- [EXERCISE DIRECTIONS]: All of the listing below must be repeated word for word. Pictures are the only thing to omit.

- [SOURCE DATA]:
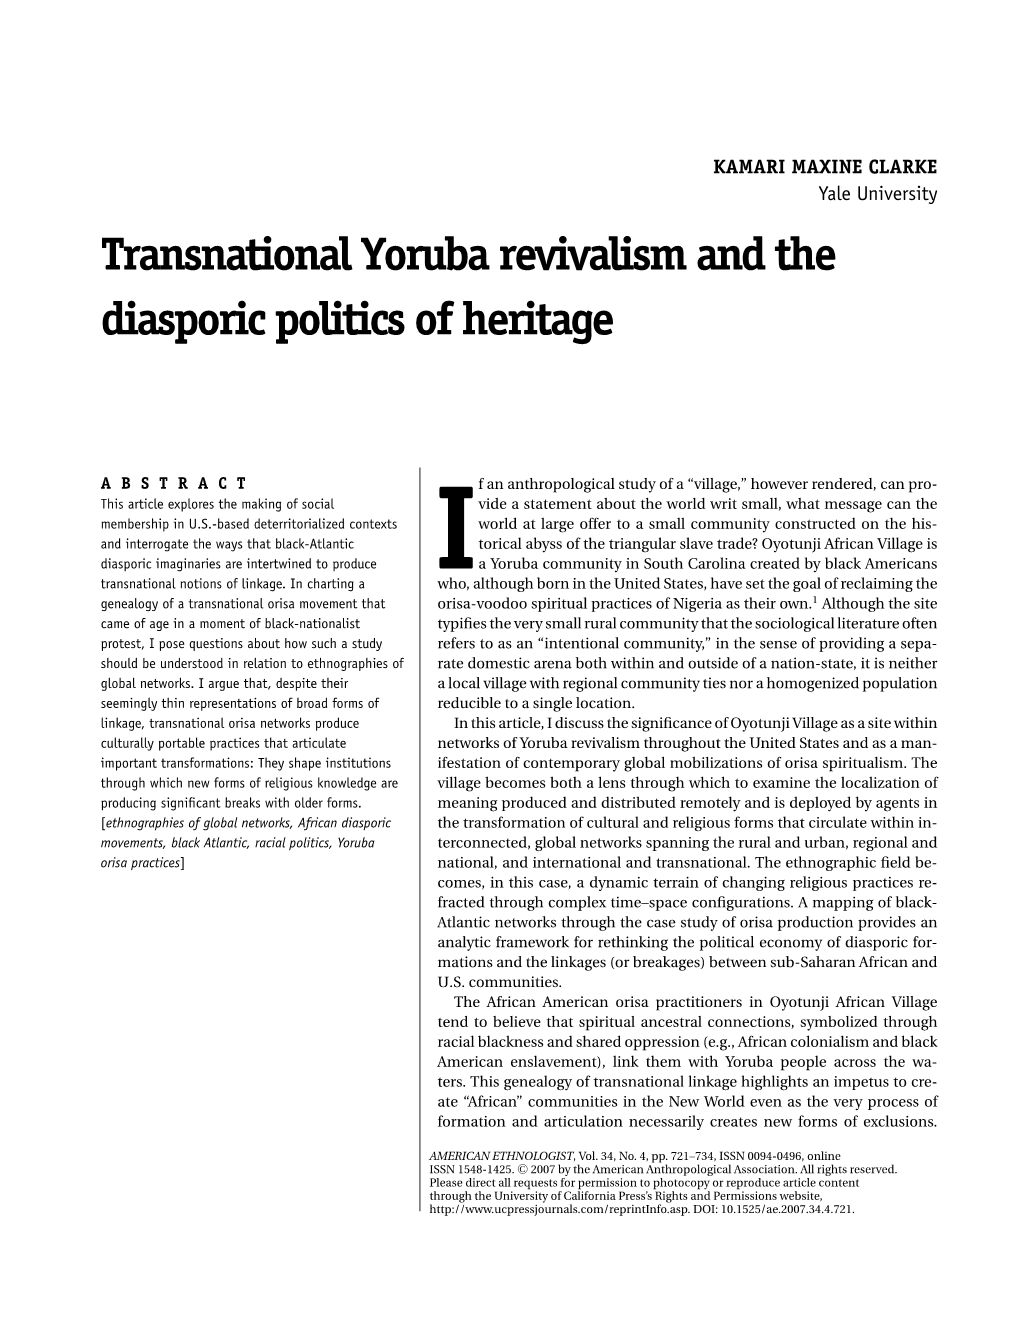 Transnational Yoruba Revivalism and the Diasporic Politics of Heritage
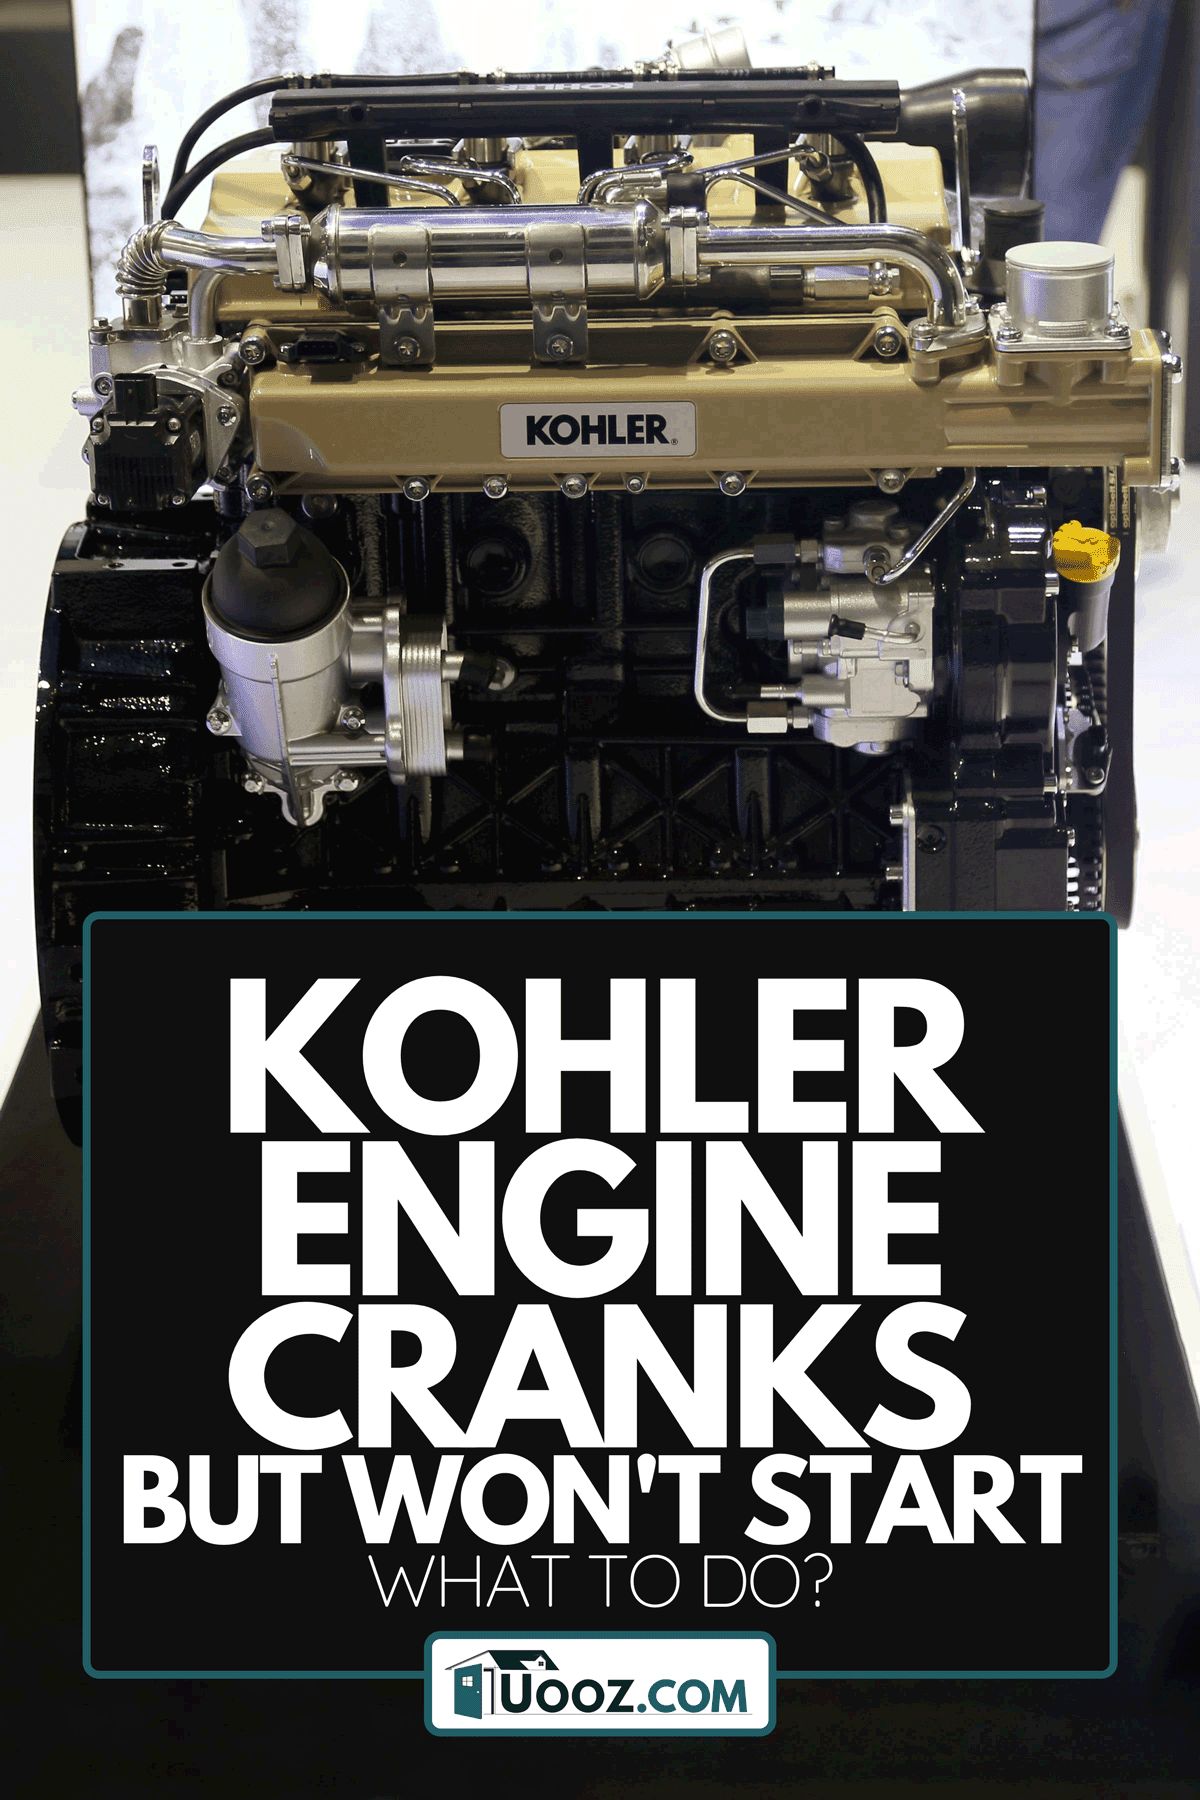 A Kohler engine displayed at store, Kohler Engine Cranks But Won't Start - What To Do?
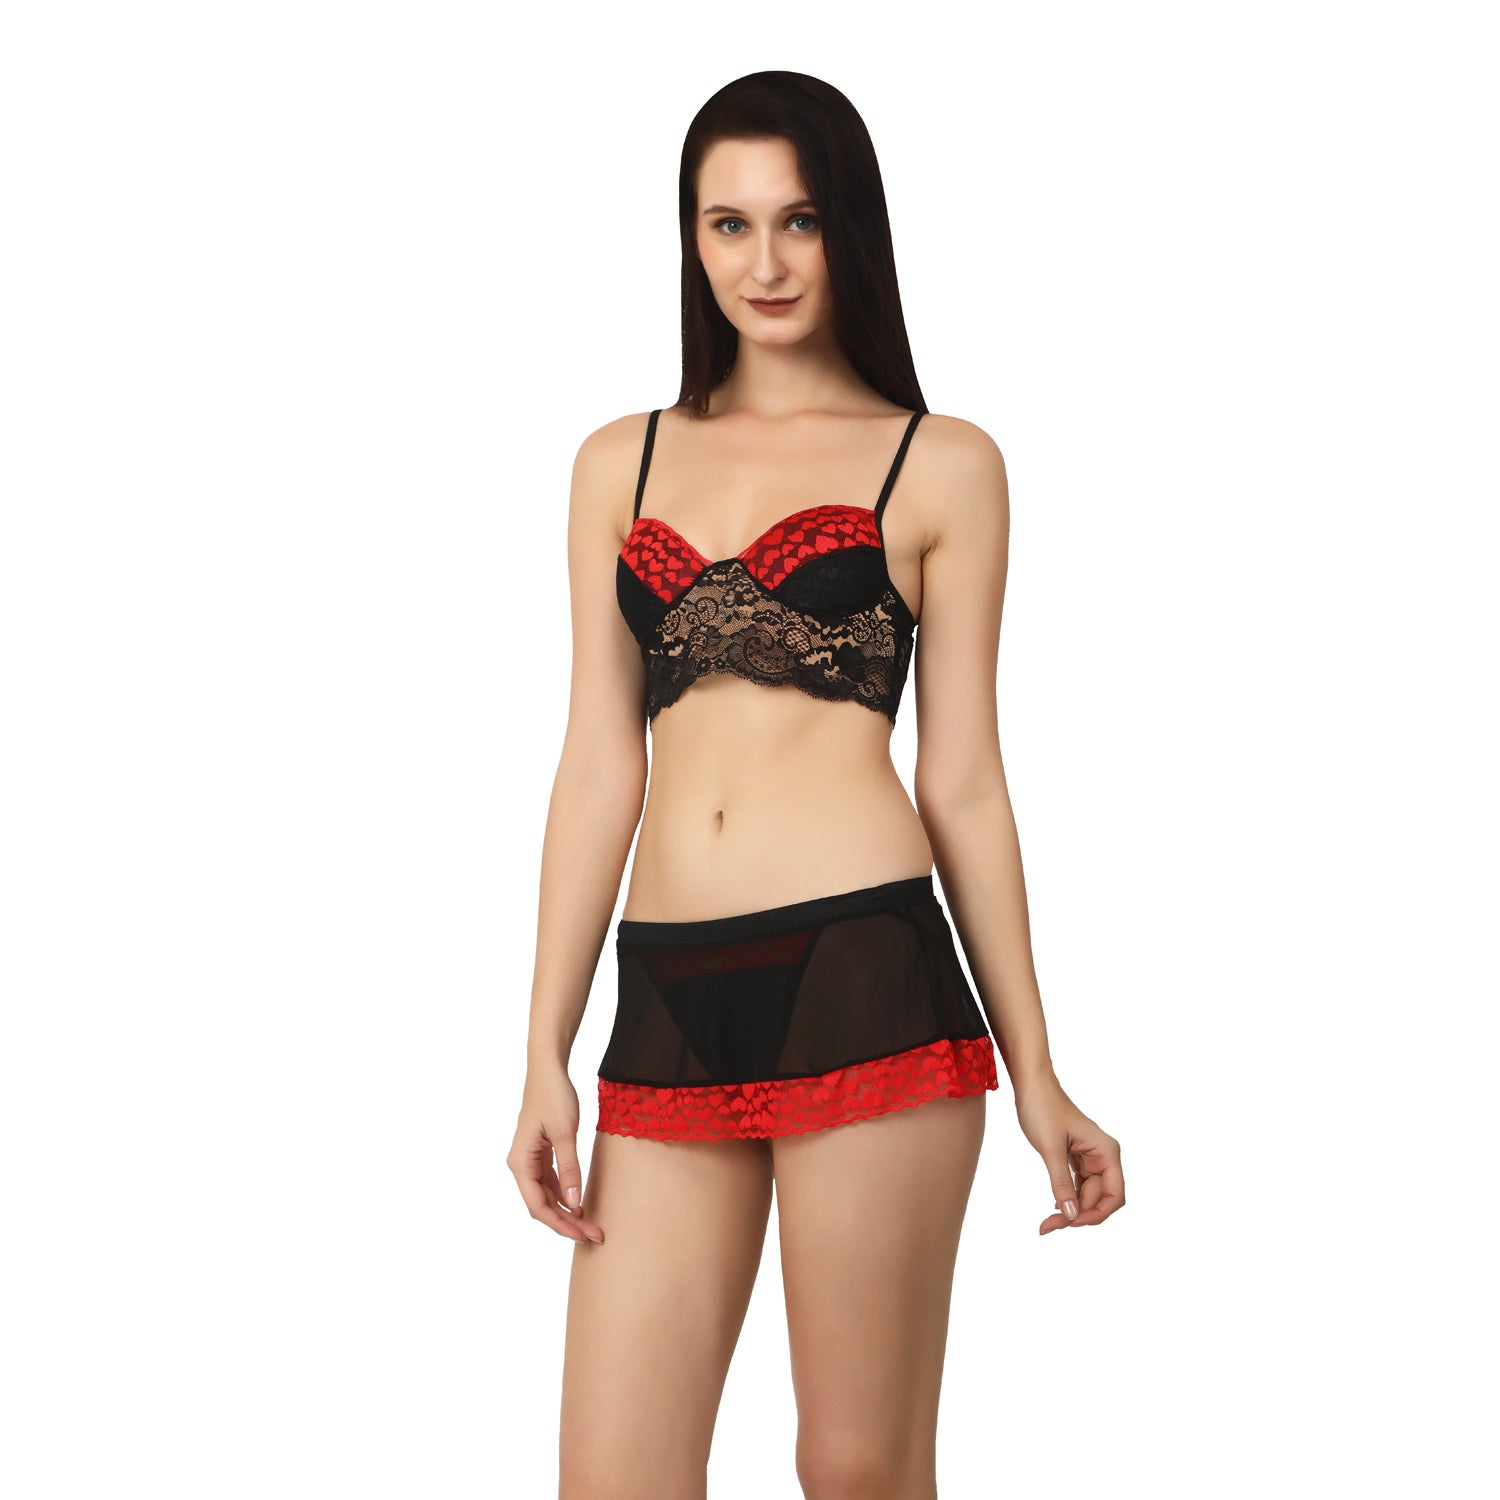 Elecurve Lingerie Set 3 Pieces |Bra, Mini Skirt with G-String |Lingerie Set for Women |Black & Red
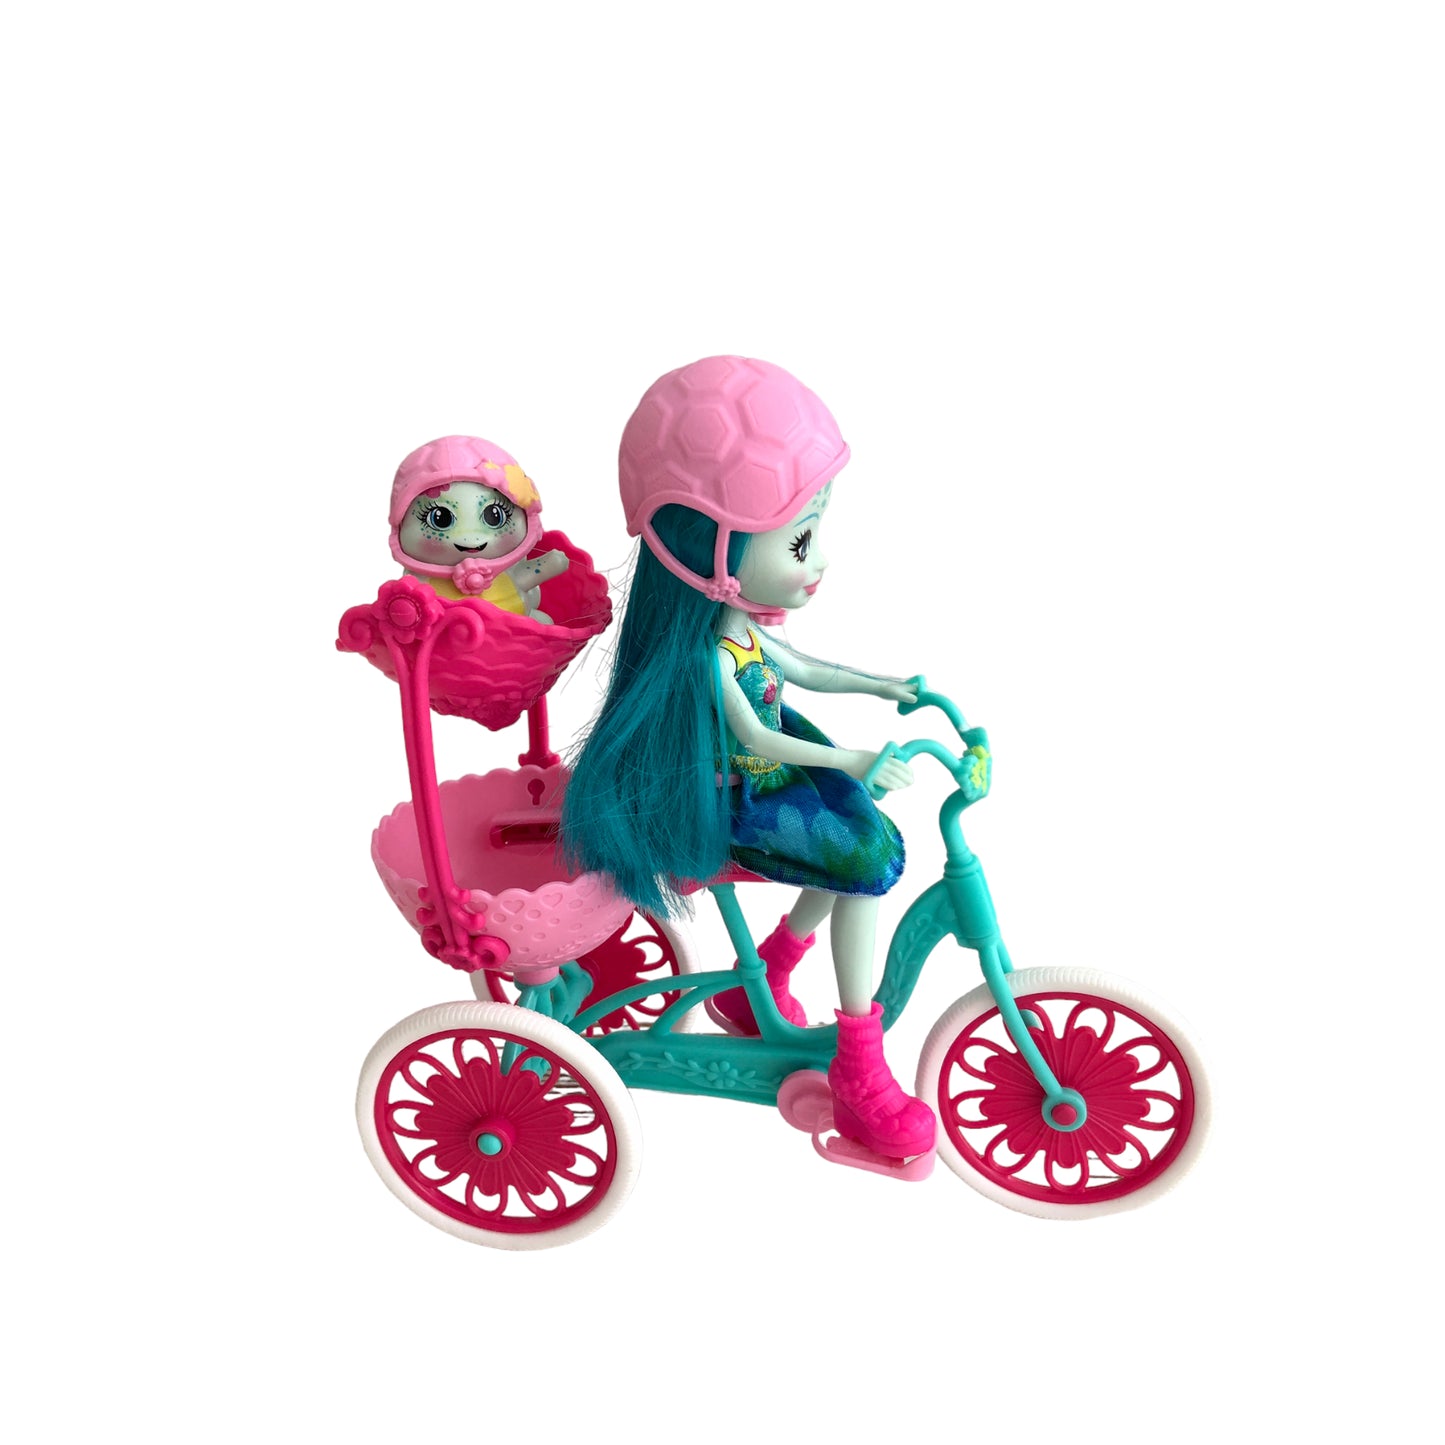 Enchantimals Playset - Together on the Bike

- [SOLUTION FOR THIS EXERCISE]:
 Transnational Yoruba Revivalism and the Diasporic Politics of Heritage
 A Kohler engine displayed at store, Kohler Engine Cranks But Won't Start - What To Do?
 Elecurve Lingerie Set 3 Pieces |Bra, Mini Skirt with G-String |Lingerie Set for Women |Black & Red
 Enchantimals Playset - Together on the Bike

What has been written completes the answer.